» BRIEF:
Would you restate the listing word for word, with the images omitted?

» DATA SEGMENT:
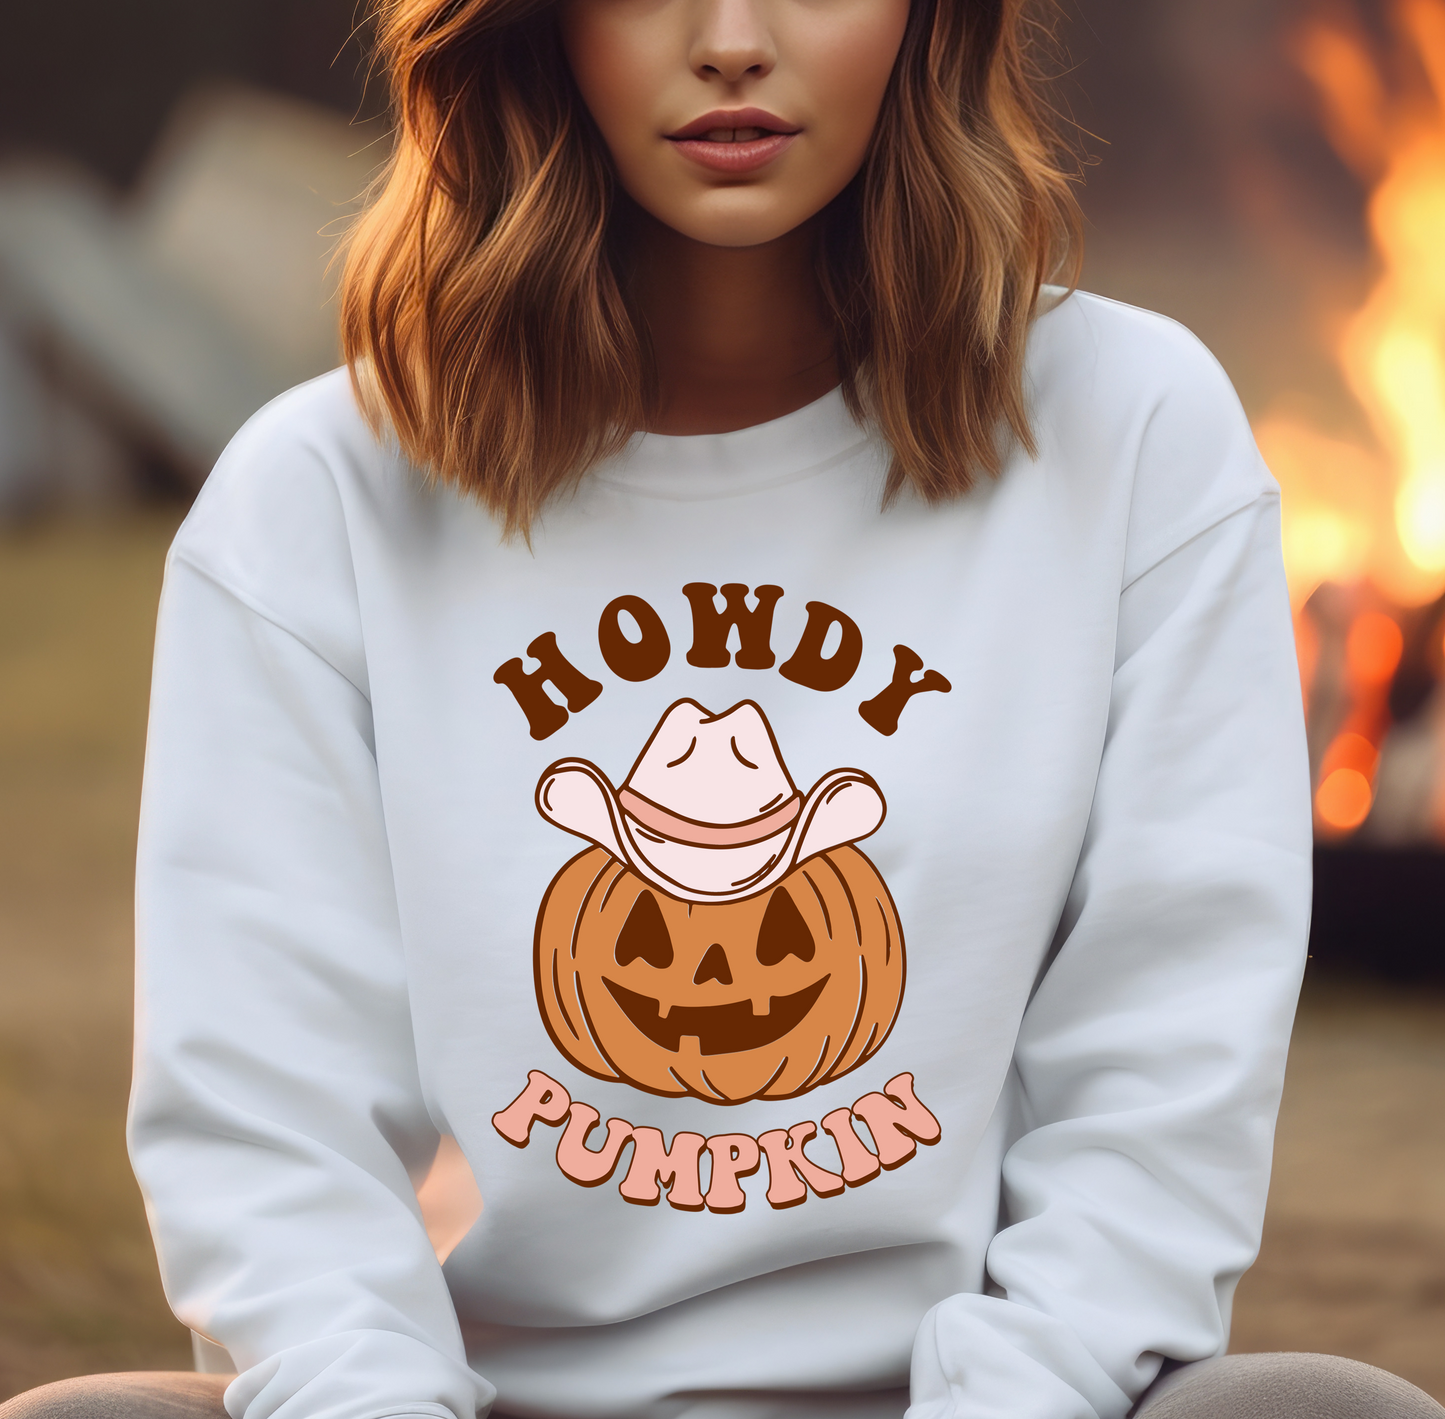 Howdy Pumpkin - Full Color Transfer
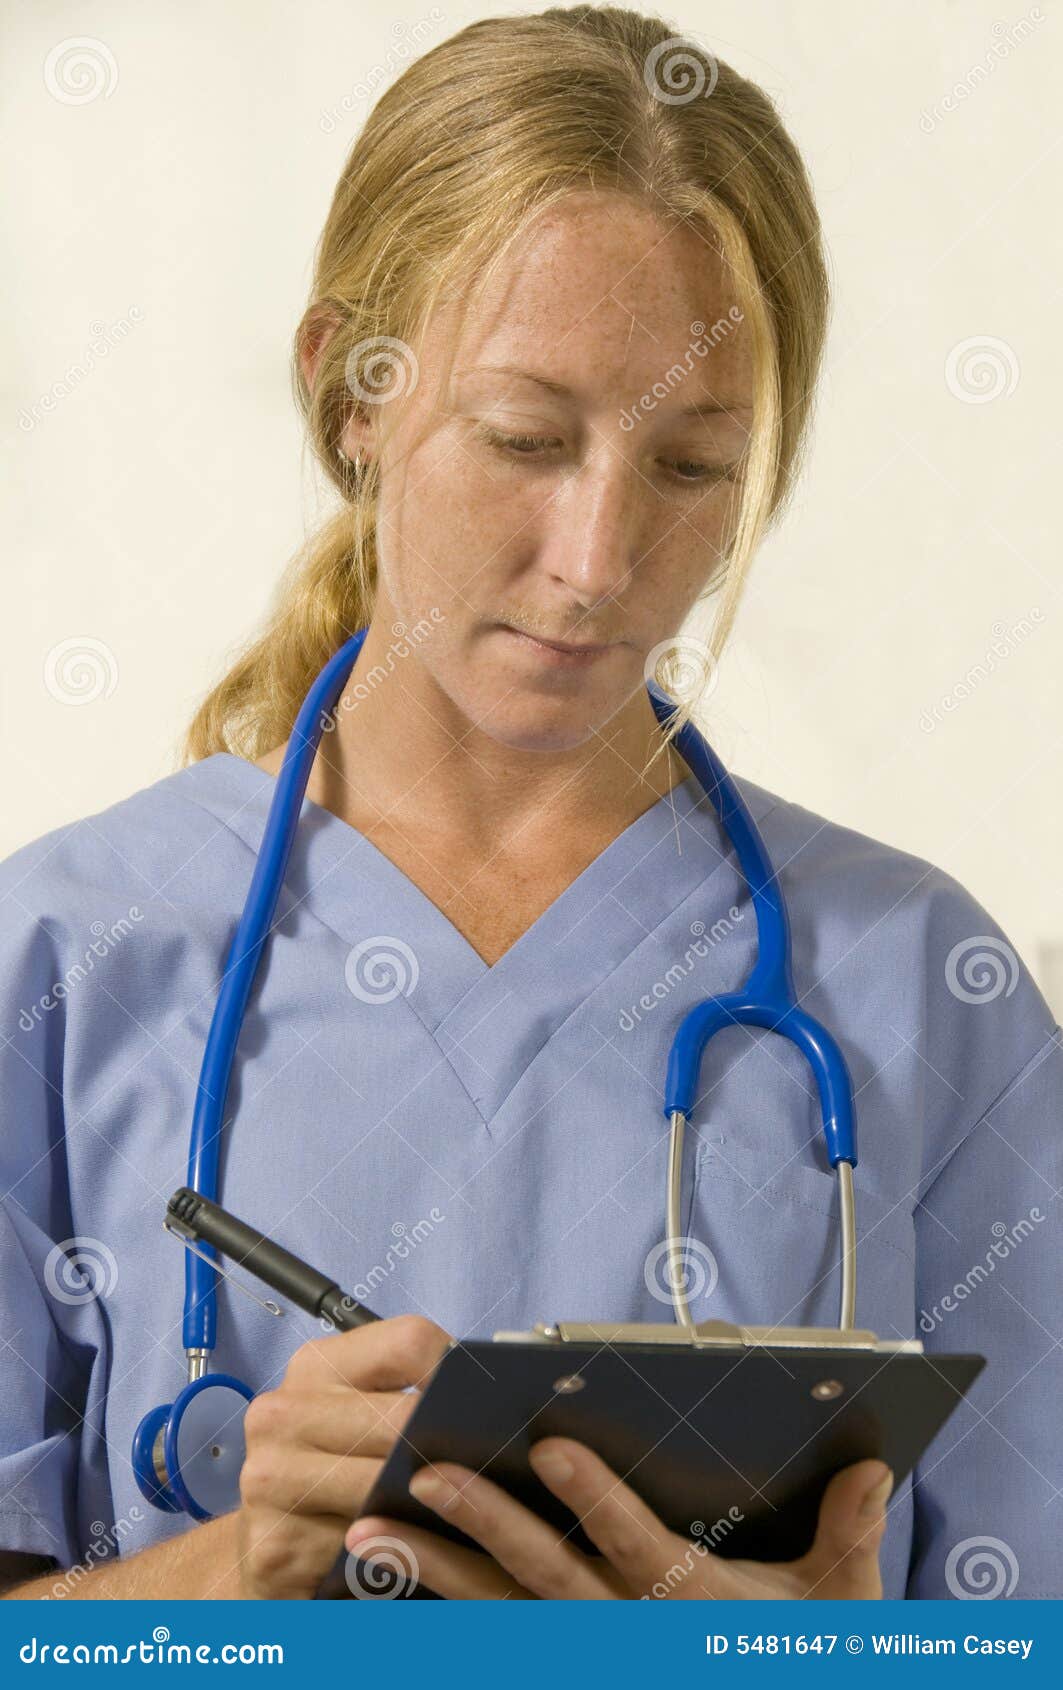 Can A Nurse Practitioner Write Prescriptions
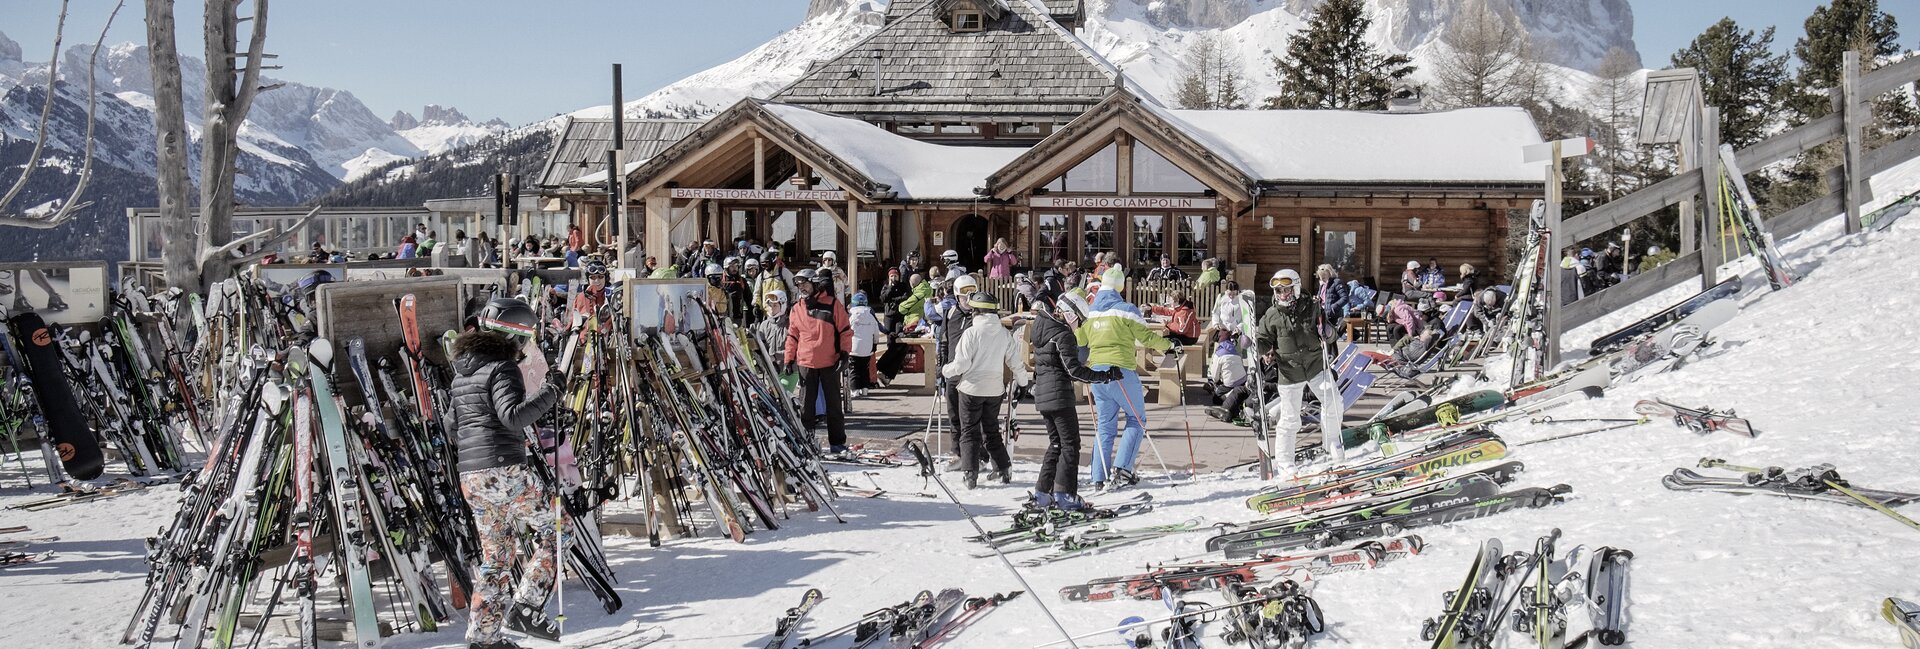 Val di Fassa - Canazei - Een winters juweel om te skiën
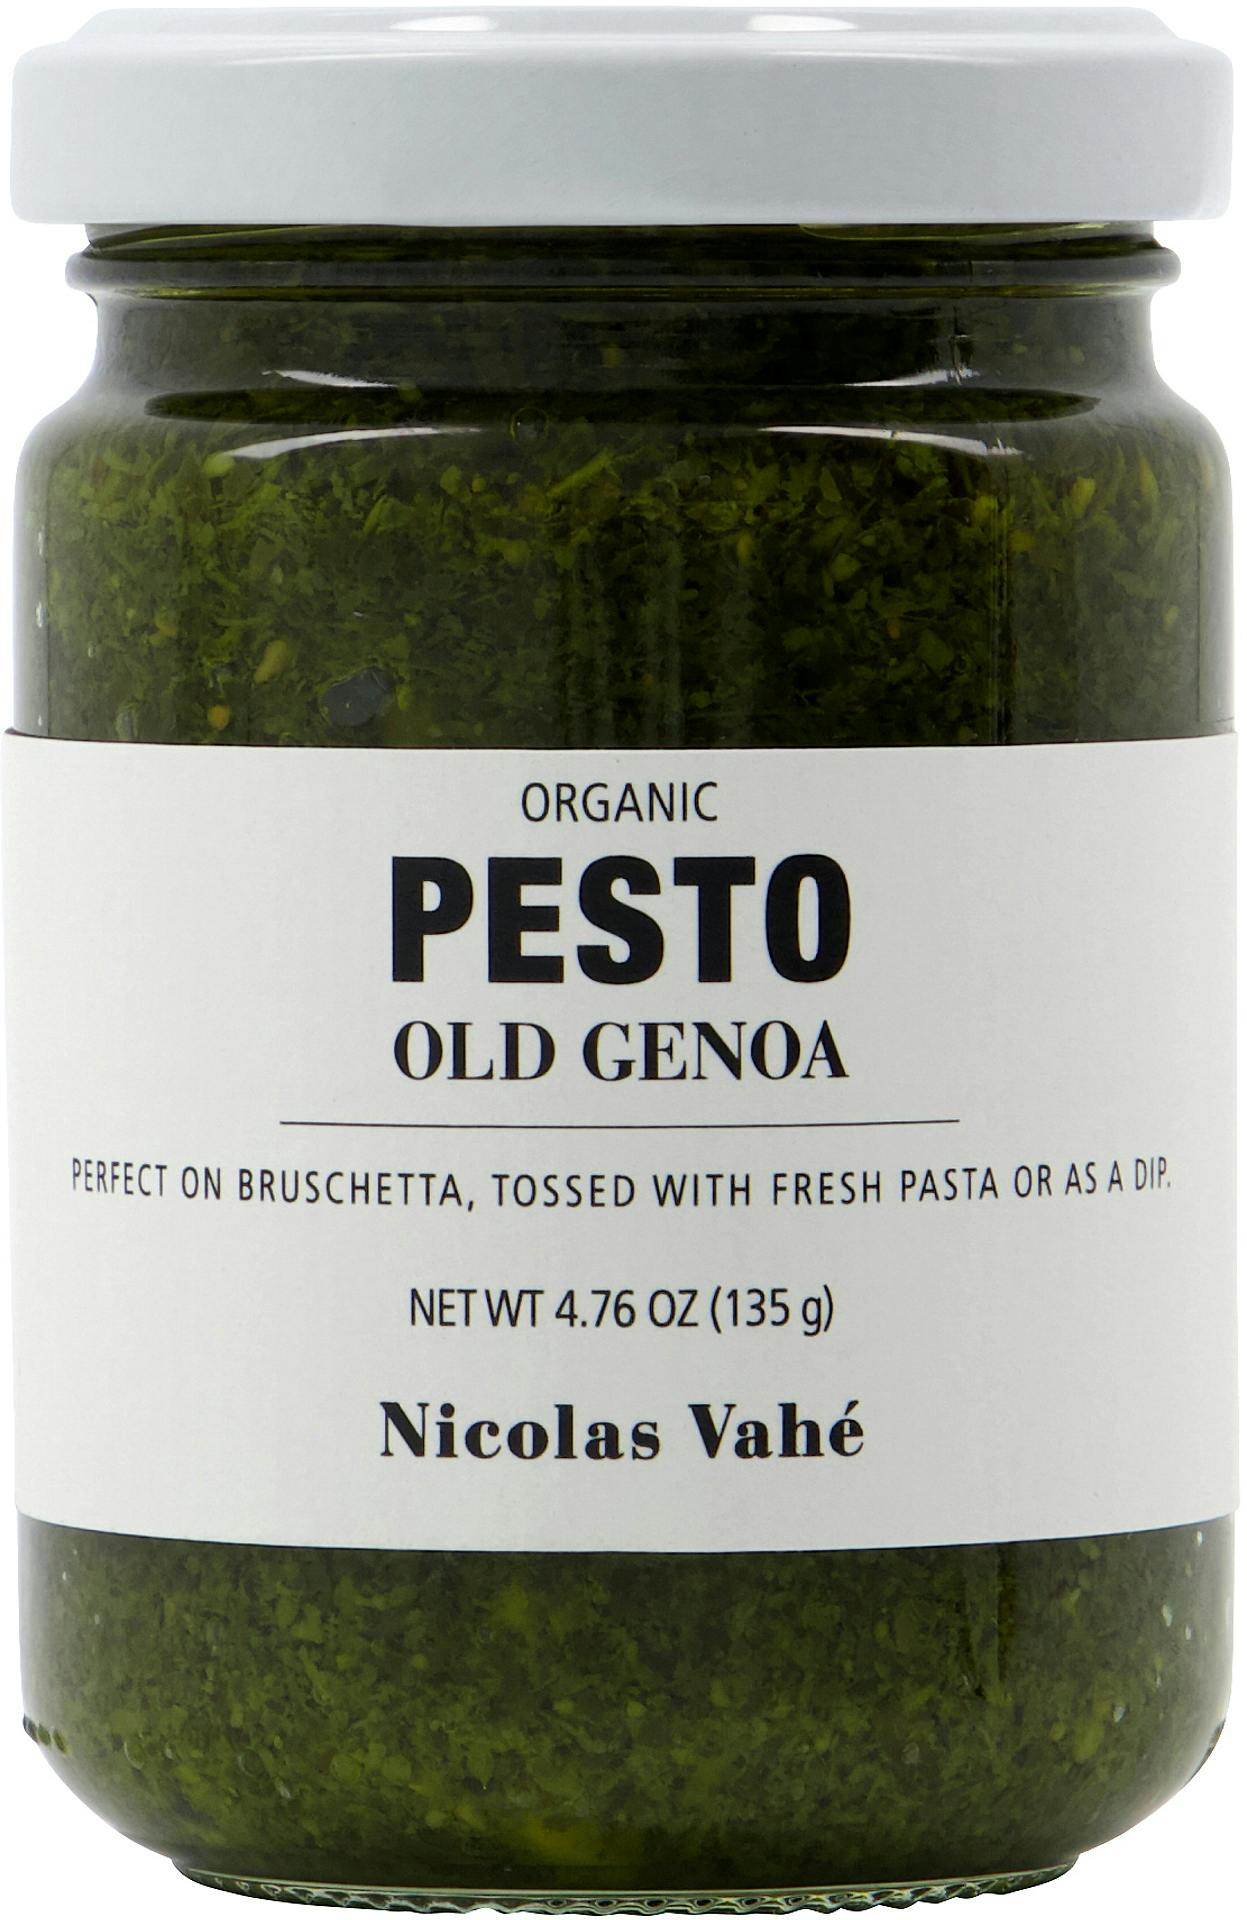 Nicolas Vahé Pesto Old Genoa

» TASK RESPONSE:
 Howdy Pumpkin - Full Color Transfer
 Can A Nurse Practitioner Write Prescriptions
 Val di Fassa - Canazei - Een winters juweel om te skiën
 Nicolas Vahé Pesto Old Genoa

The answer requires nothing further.